Oudenaarde
- Full name: Koninklijke Sportvereniging Oudenaarde
- Founded: 1919; 107 years ago
- Ground: Burgemeester Thienpontstadion
- Capacity: 5,000
- Chairman: Kurt Vandeputte
- Manager: Stefan Leleu
- League: Belgian Division 2
- 2025–26: Belgian Division 2 VV A, 13th of 16
- Website: ksvoudenaarde.be

= KSV Oudenaarde =

Belgian football club

Koninklijke Sport Vereniging Oudenaarde is a Belgian association football club based in Oudenaarde, East Flanders. The team competes in the Belgian Division 2, the fourth tier of the Belgian football league system. The club's colours are black and yellow.

==History==
Founded in 1911 as S.K. Aldenardia, the club merged with F.C. Audenarais in 1919 to become S.V. Audenaerde. The name was later changed to S.V. Oudenaarde, with the city name spelled in Dutch instead of the French name Audenaerde. In 1951, the club received the right to use the royal prefix Koninklijke.

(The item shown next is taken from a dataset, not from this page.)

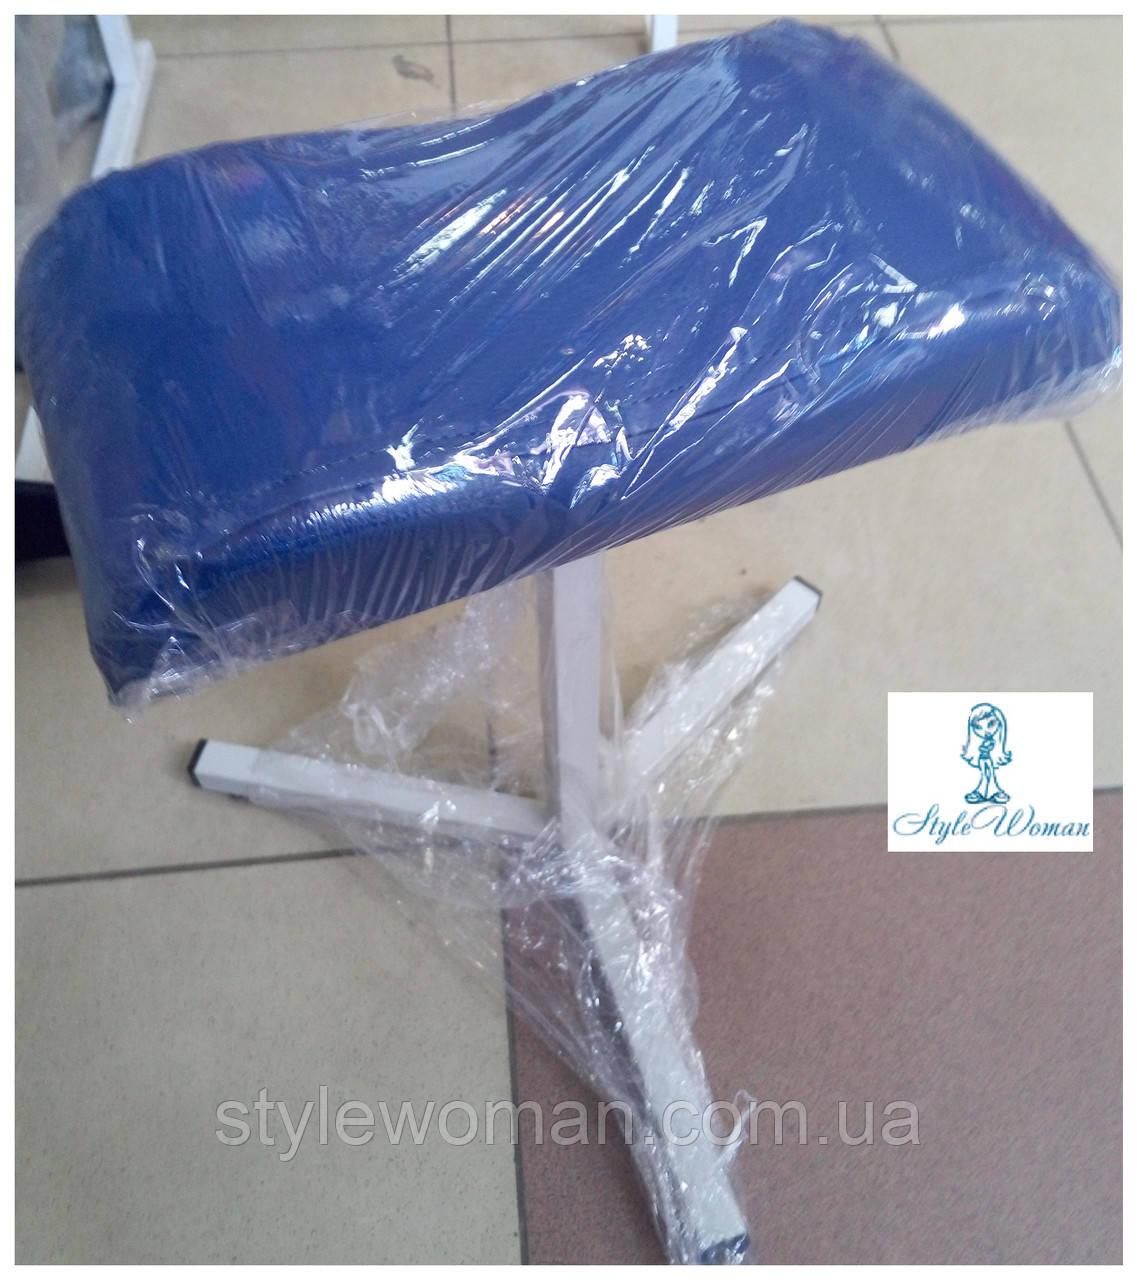 Тренога для педикюра из кожзама подставка синяя, фото 1

Being the Member of the Belgian Football Association since 1912, the club first reached the second division in 1924, for just one year as they finished last of their series. The come back to this level of the competition was not operated before season 1980–81. This time, the team managed to end in the seventh position, their best position ever in the club's history. The same position was achieved the following year, but in 1983, they could not avoid relegation. In 1988 they finished last of the third division A. Subsequently, they were relegated to the fourth level of Belgian football, promotion, and could not come back again before the new century. In 2006 Oudenaarde was crowned champion of the promotion A.